#### DATA UNDER STUDY

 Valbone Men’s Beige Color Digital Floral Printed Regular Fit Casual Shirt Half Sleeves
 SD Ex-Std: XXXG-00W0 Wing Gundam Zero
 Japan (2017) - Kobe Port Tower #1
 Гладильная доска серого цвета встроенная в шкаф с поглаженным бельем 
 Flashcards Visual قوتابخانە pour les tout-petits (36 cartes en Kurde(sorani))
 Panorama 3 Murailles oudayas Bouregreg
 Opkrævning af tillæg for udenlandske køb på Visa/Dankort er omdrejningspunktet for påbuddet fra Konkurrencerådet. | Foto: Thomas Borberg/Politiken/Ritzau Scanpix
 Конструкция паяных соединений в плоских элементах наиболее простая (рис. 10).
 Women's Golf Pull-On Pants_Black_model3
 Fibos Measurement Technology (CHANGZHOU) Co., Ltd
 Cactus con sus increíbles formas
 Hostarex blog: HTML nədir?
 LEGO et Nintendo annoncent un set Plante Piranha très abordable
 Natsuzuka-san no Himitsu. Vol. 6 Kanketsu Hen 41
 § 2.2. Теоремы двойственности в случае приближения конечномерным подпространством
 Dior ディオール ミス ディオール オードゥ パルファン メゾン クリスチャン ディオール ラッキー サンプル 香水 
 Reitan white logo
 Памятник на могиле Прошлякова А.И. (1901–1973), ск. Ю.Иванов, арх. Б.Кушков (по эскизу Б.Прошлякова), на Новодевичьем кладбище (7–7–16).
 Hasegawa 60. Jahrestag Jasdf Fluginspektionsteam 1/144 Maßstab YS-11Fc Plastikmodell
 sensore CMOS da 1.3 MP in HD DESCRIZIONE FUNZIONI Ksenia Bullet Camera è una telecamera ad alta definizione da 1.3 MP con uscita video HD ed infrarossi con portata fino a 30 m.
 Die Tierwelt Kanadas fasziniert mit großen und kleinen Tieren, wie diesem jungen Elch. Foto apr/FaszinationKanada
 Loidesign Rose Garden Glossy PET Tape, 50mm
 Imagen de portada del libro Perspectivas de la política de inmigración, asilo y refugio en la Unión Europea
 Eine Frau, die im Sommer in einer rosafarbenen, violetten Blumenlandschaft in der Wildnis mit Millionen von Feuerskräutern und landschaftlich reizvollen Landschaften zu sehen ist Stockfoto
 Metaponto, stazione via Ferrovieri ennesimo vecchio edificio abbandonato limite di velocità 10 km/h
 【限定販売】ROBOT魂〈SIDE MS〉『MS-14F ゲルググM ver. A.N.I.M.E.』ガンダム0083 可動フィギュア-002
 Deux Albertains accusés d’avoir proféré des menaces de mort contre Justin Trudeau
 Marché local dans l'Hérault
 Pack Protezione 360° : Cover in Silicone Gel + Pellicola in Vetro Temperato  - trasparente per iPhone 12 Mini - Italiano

########

## [WORK TASK]
Up to and including the last line of the records above, print exactly every line from the one that contains "Marché local dans l'Hérault" onward.

## [RESPONSE]
 Marché local dans l'Hérault
 Pack Protezione 360° : Cover in Silicone Gel + Pellicola in Vetro Temperato  - trasparente per iPhone 12 Mini - Italiano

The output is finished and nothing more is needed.